About Protsahan
Protsahan works at the intersection of child protection, gender, and systems change. Over the past fifteen years, we have strengthened safety, care, and life outcomes for children growing up in contexts of urban violence, poverty, migration, and structural neglect.
Protsahan’s work is intentionally designed around the lived realities of girls, who face earlier, deeper, and more cumulative risks of abuse, exploitation, violence, conflict, and exclusion. Through long-term direct care with girls and large-scale capacity building of caregivers and institutions, Protsahan contributes to child protection systems that are preventive, trauma-informed, and equitable. Protsahan is committed to data, evidence, iteration, and learning. Our work is rooted in the belief that when child protection systems work for the most vulnerable girls, they become stronger for all children.
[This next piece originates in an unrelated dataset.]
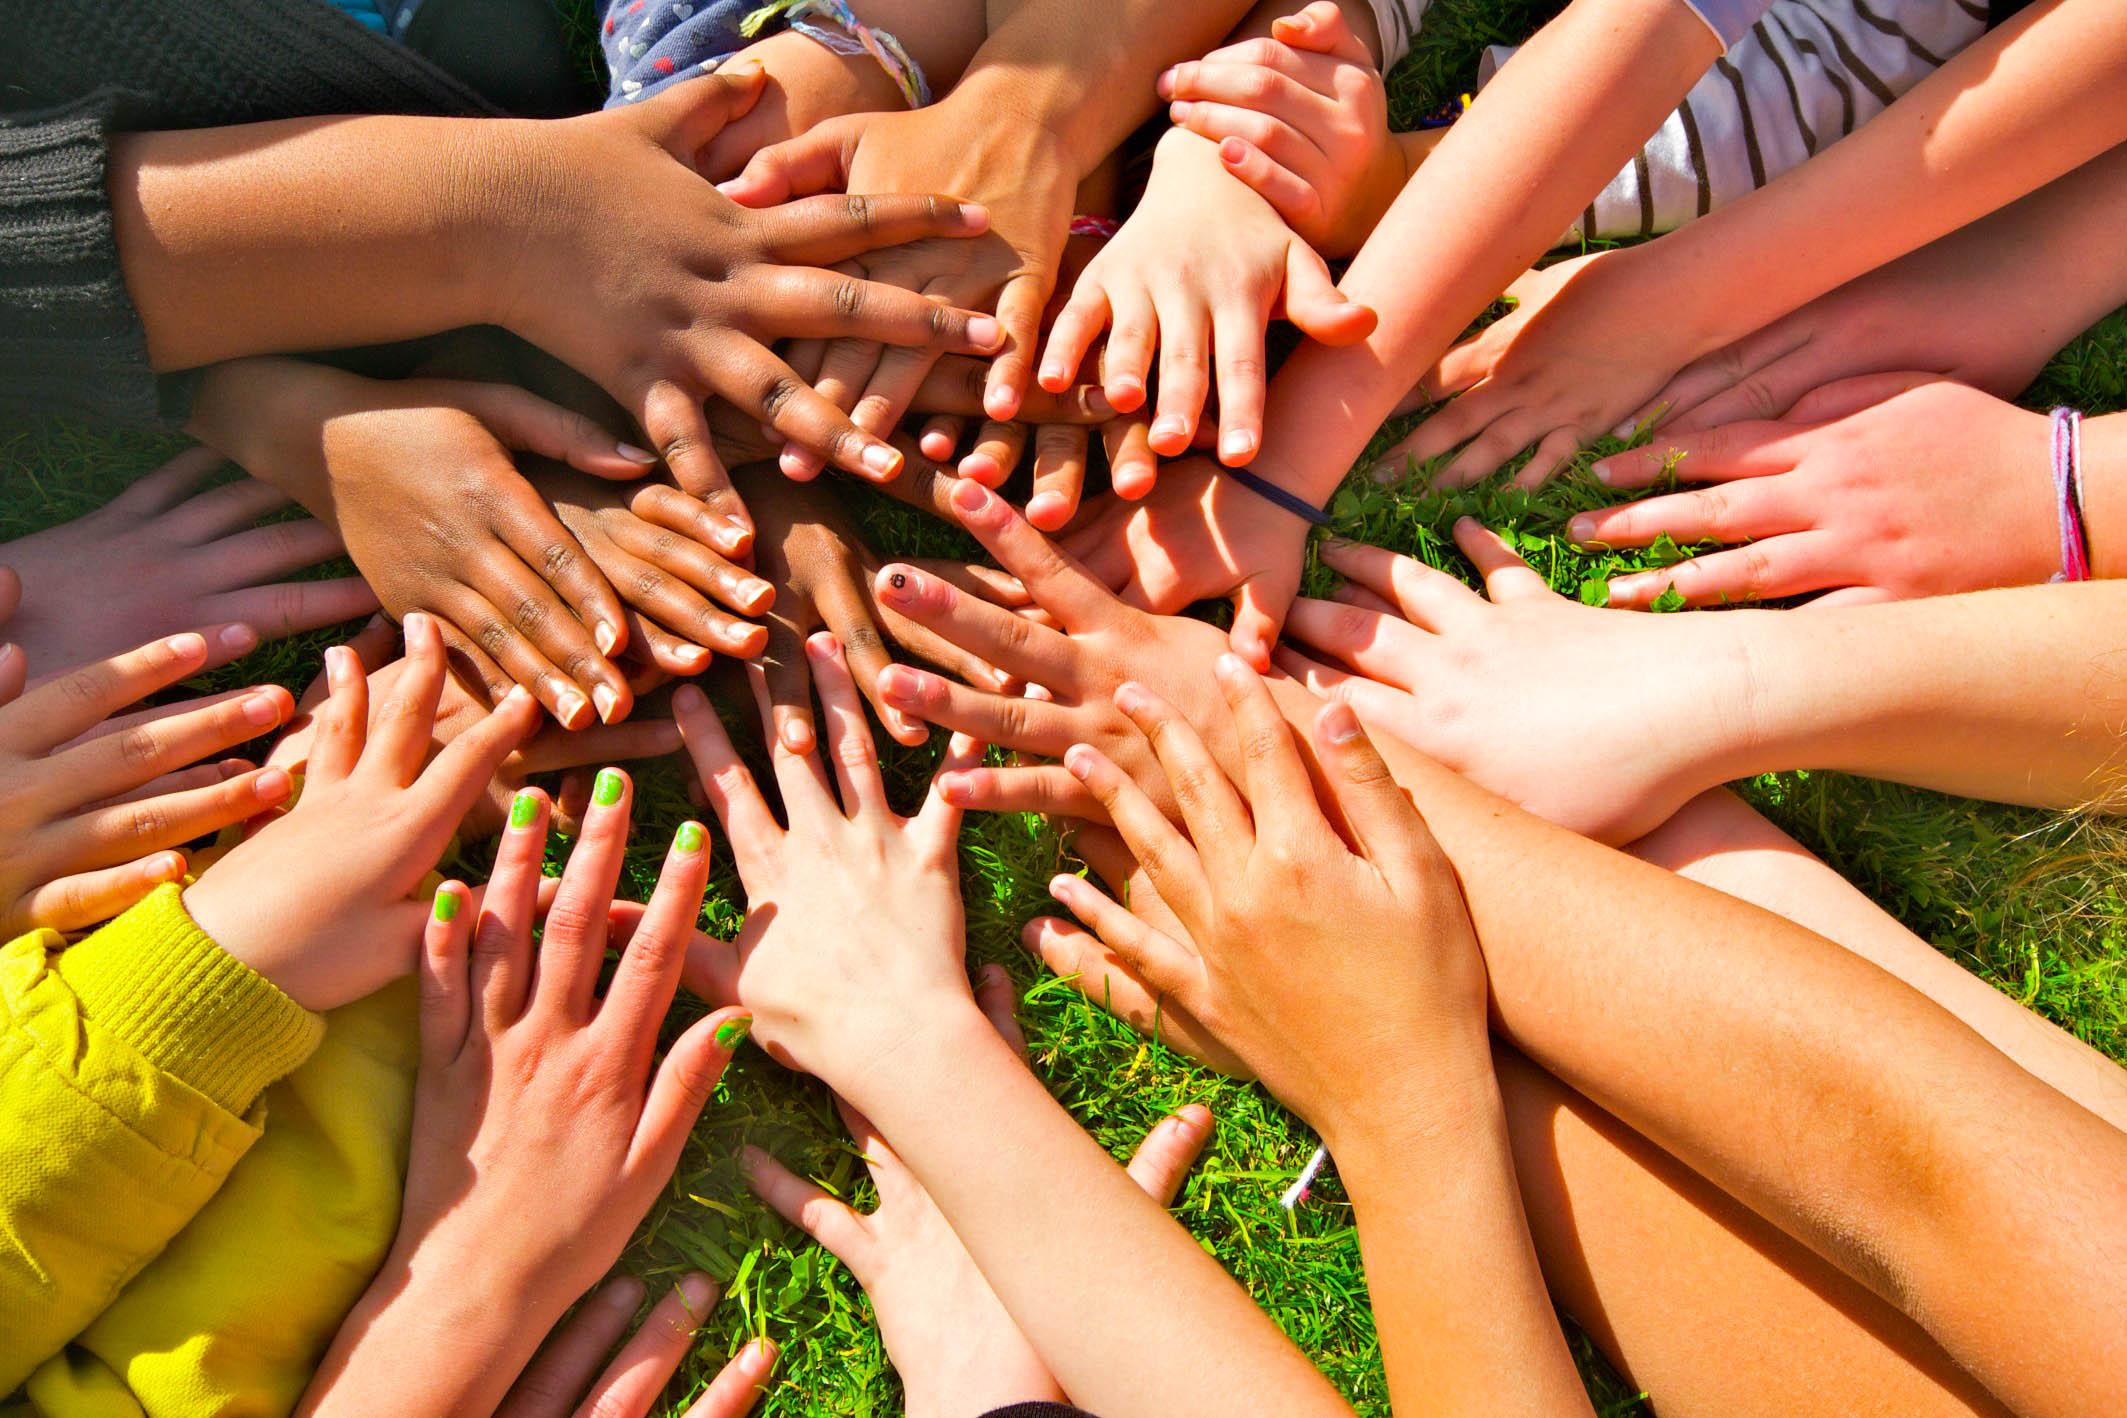 Racial-Harmony-Hand-in-Hand

Protsahan works with adolescent girls and young women from historically marginalized communities in Delhi’s slums, with a focus on migrant Dalit, Adivasi, Muslim, and Bahujan populations. Over 15 years, Protsahan has developed a globally recognised H.E.A.R.T. model (Health, Education, Art, Rights, and Technology), a trauma-informed framework that supports girls in reclaiming agency, building leadership, and creating systems-level impact through peer-led interventions.
How It All Began
While on a film shoot in 2010, Protsahan founder Sonal Kapoor met a young woman who had six daughters and was pregnant with her 7th child. On being asked about her circumstances, the woman narrated in a matter-of-fact way that she was ready to strangle her newborn if it was a girl once again. She also spoke of sending her 8 year old daughter to an unorganized brothel so that she could feed the rest of her family.
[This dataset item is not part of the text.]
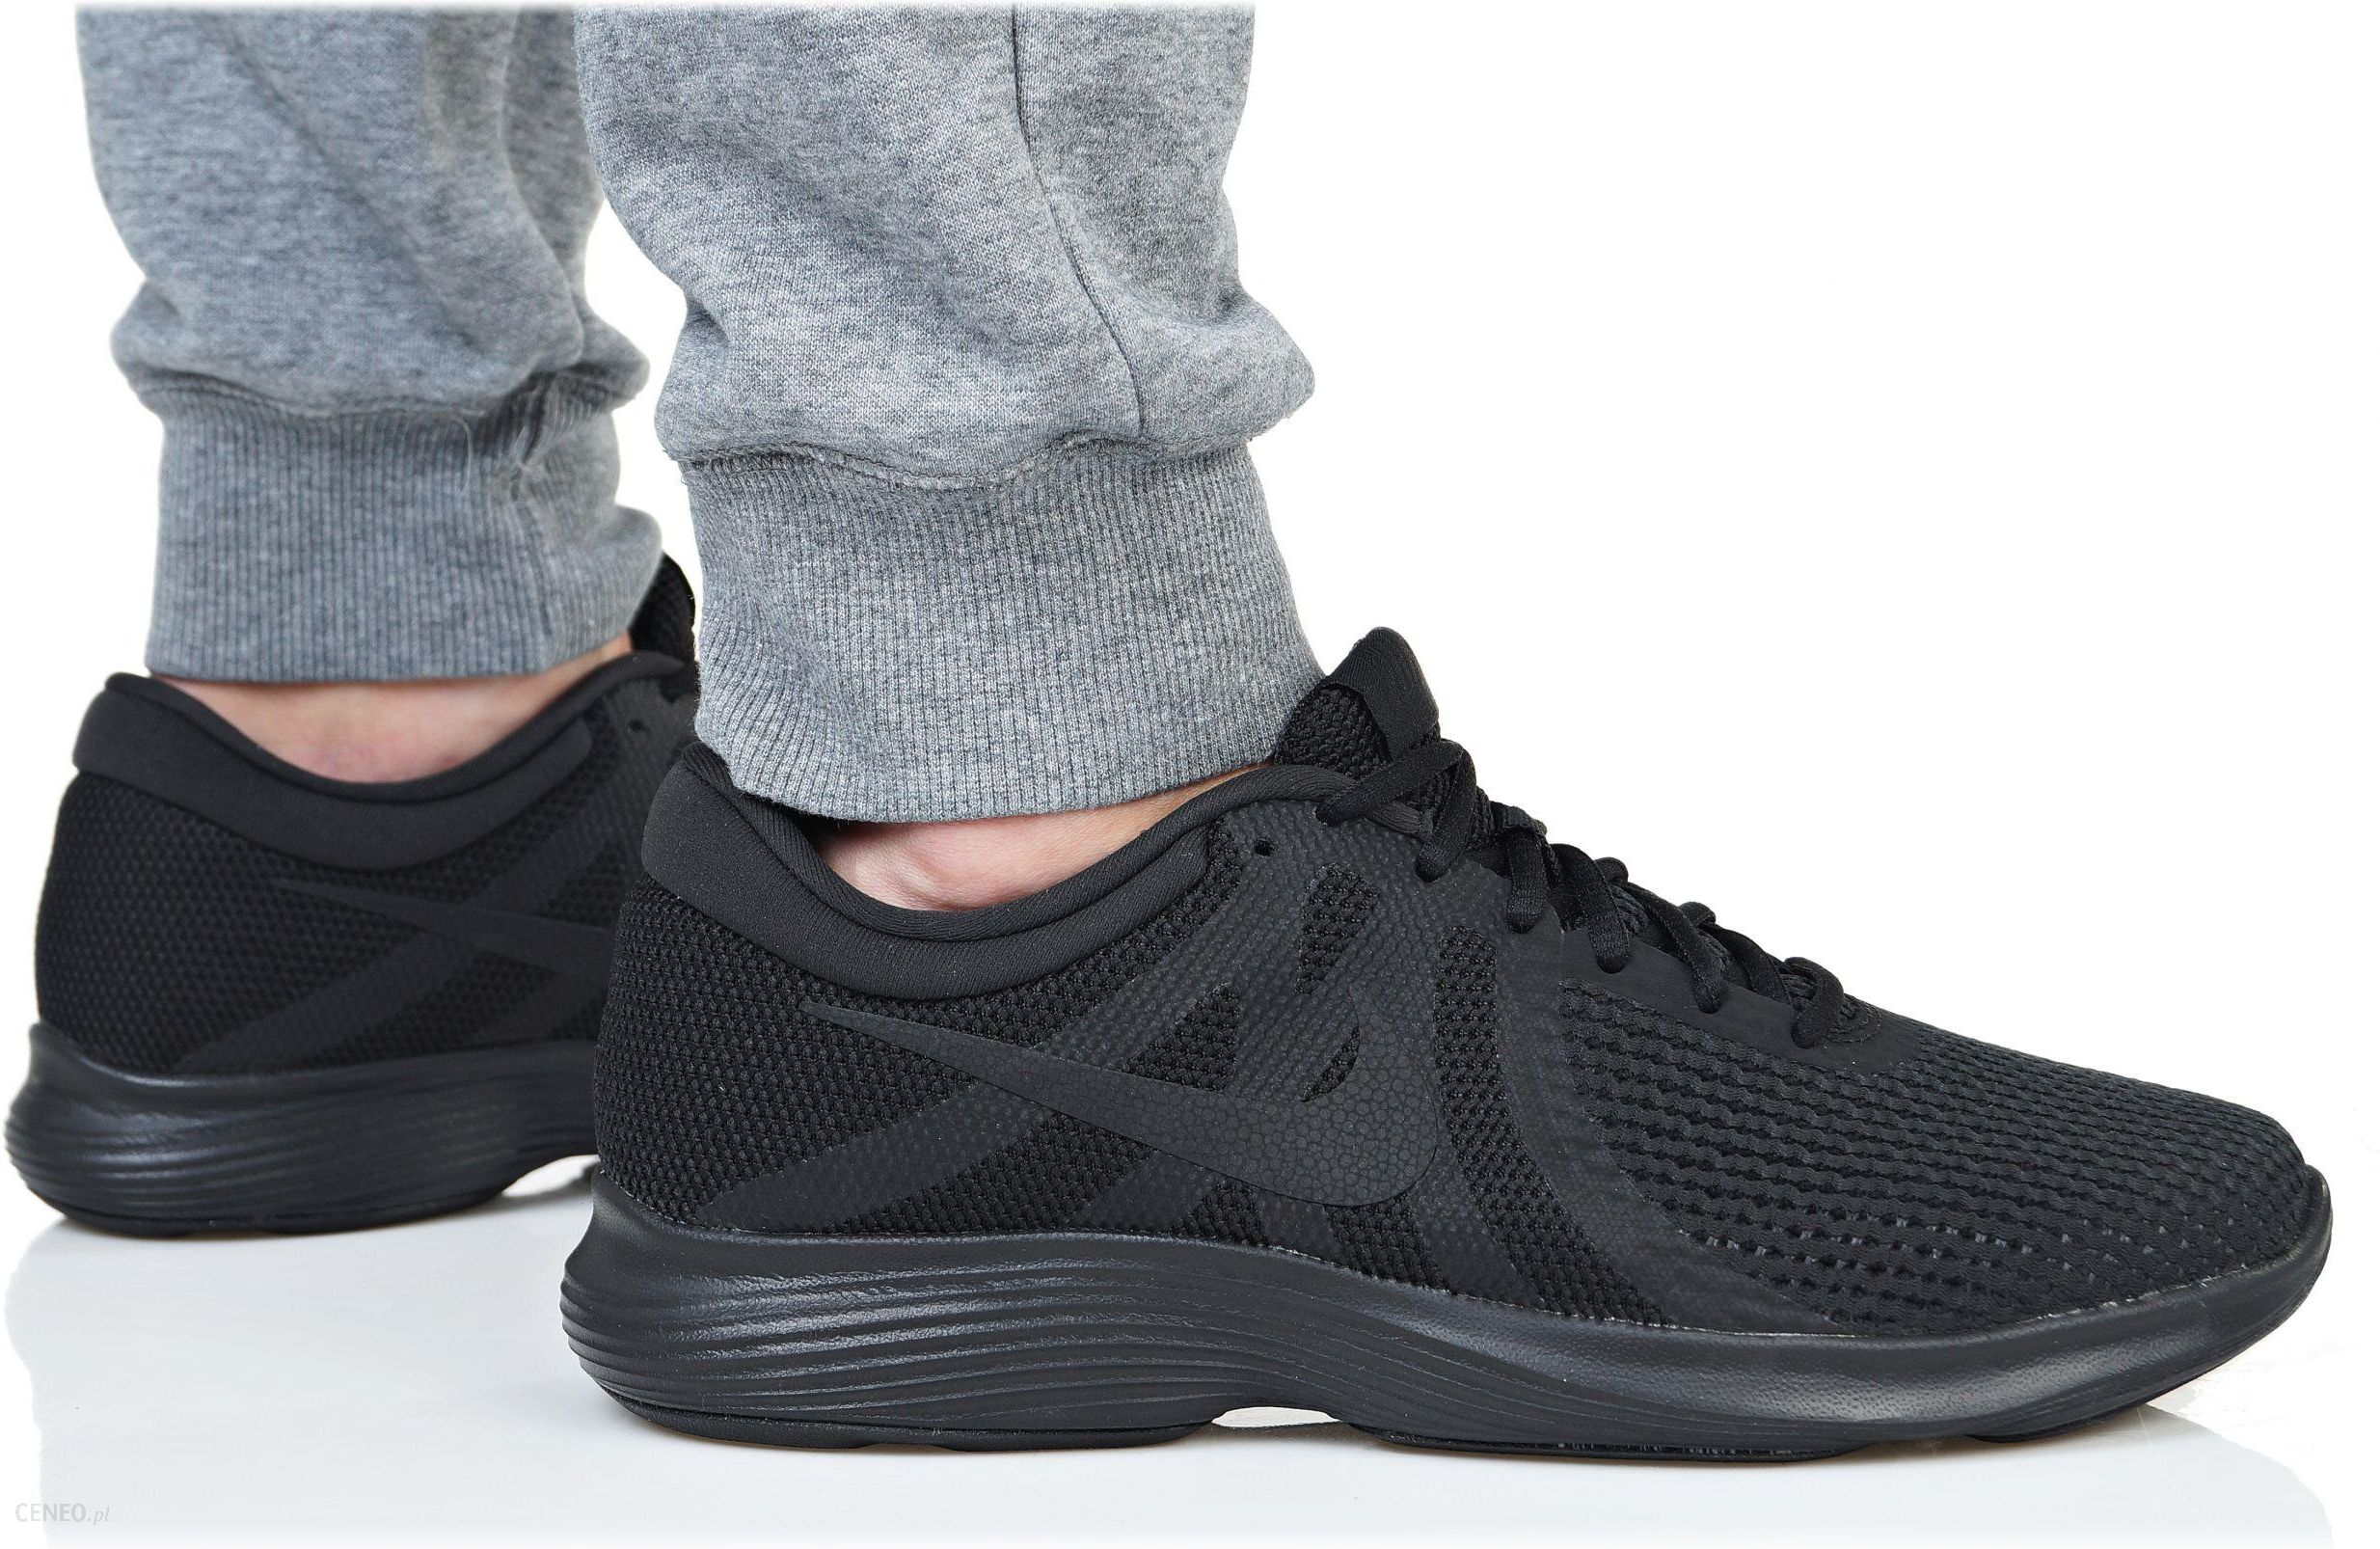 52a2d8f8 I Aj3490 002 Nike 4 Opinie Eu Buty Czarne Męskie Ceny Revolution wZXYYqz

Within the hour, the idea of starting a unique creative school had started taking shape. Three weeks later, after a small feasibility study in the area, Protsahan started as a one room creative arts and design school in one of the darkest slums of the country, in the heart of the capital city New Delhi to rescue that one child, and many more like her from systemic, intergenerational poverty and abuse. Since 2010, Protsahan has supported over 96,000 survivors in Delhi’s urban slums – enabling them to break intergenerational cycles of begging, child marriage, child labour, and child sexual abuse. 97% of Girl Champions have successfully completed Class 12 or higher despite the adversities they have faced.
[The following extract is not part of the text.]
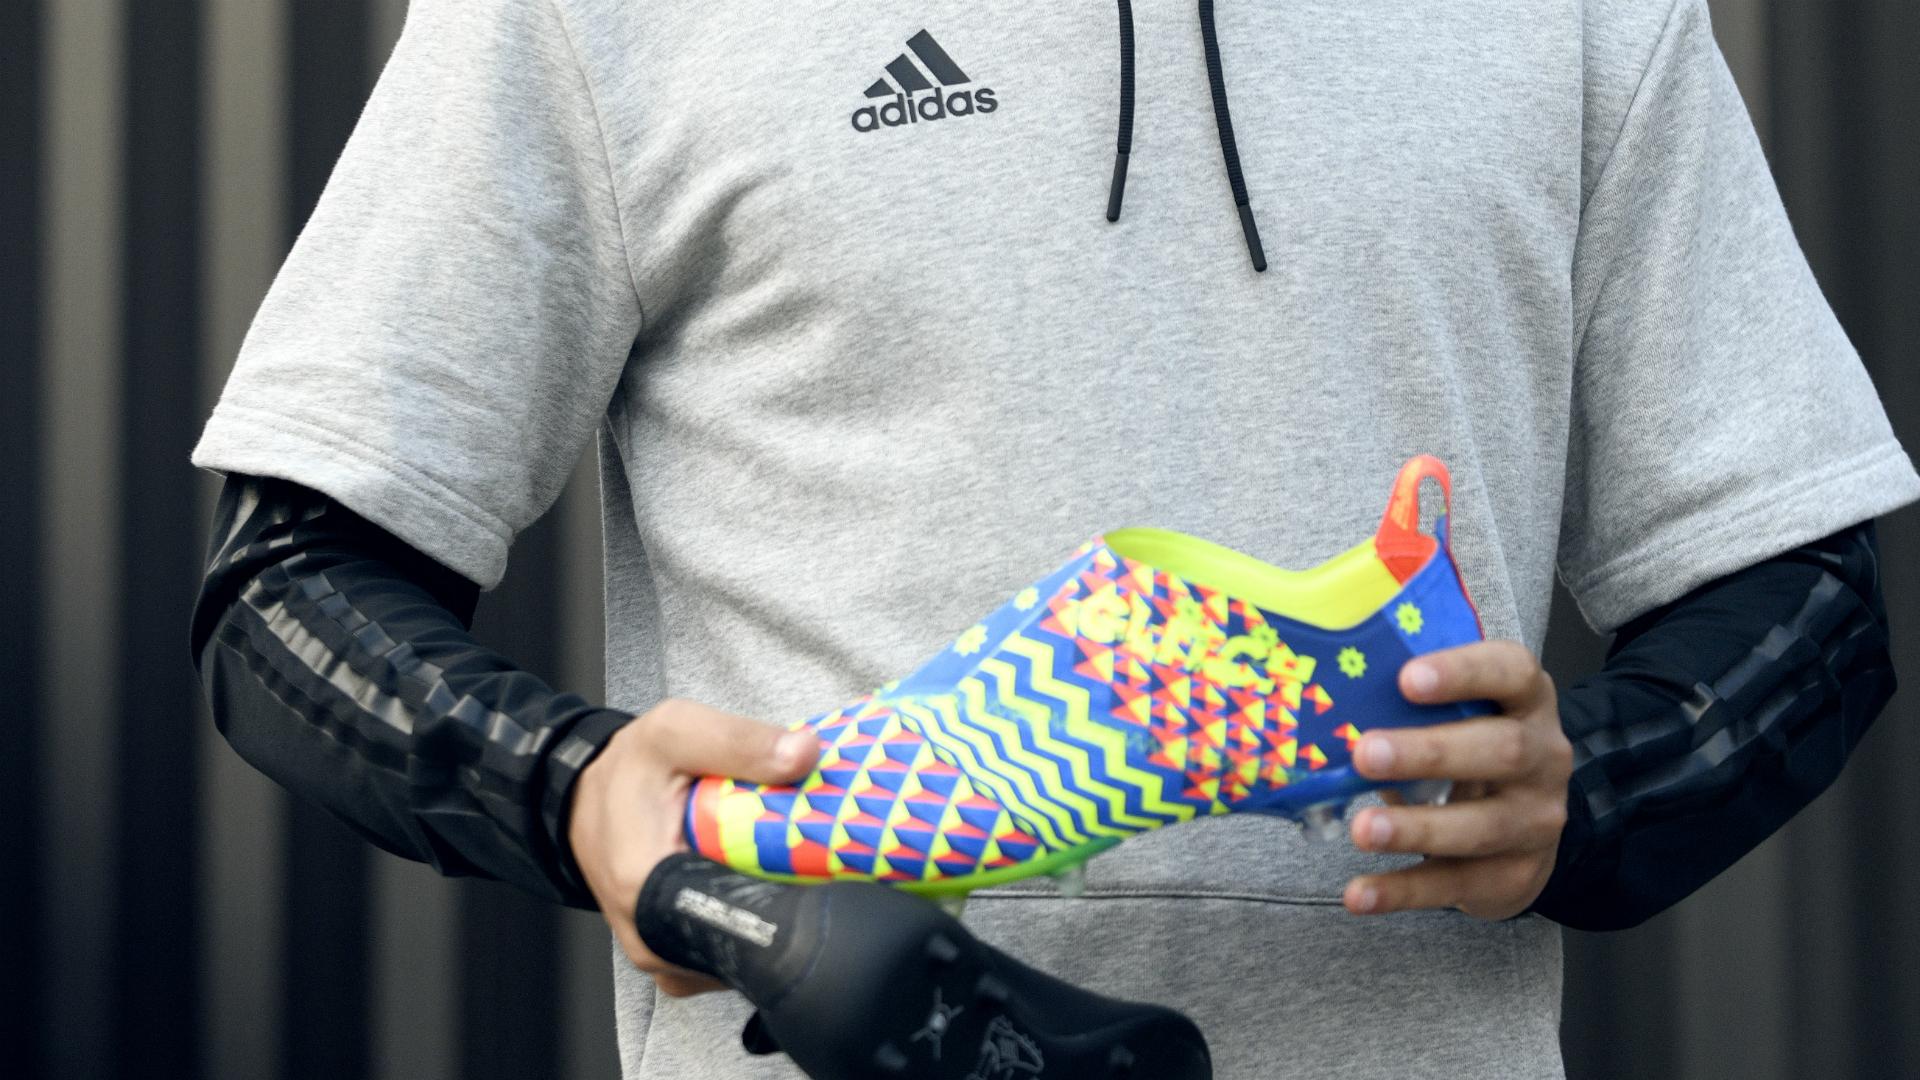 dybala shoes 2018

In the coming decade, 2020-2030, we aim to impact the lives of 1 million at-risk children through strategic on-ground direct impact and collaborations.
Purpose
To stop violence against children in all forms and heal children from the trauma caused by it.
Vision
To impact 1,000,000 children by 2030 and make the world a safe place for them by eradicating all forms of violence and abuse.
Mission
Reimagining futures for girls lost in a cycle of childhood adversity & violence by working on Education, Health & Gender Justice through Art & Technology based innovative approaches.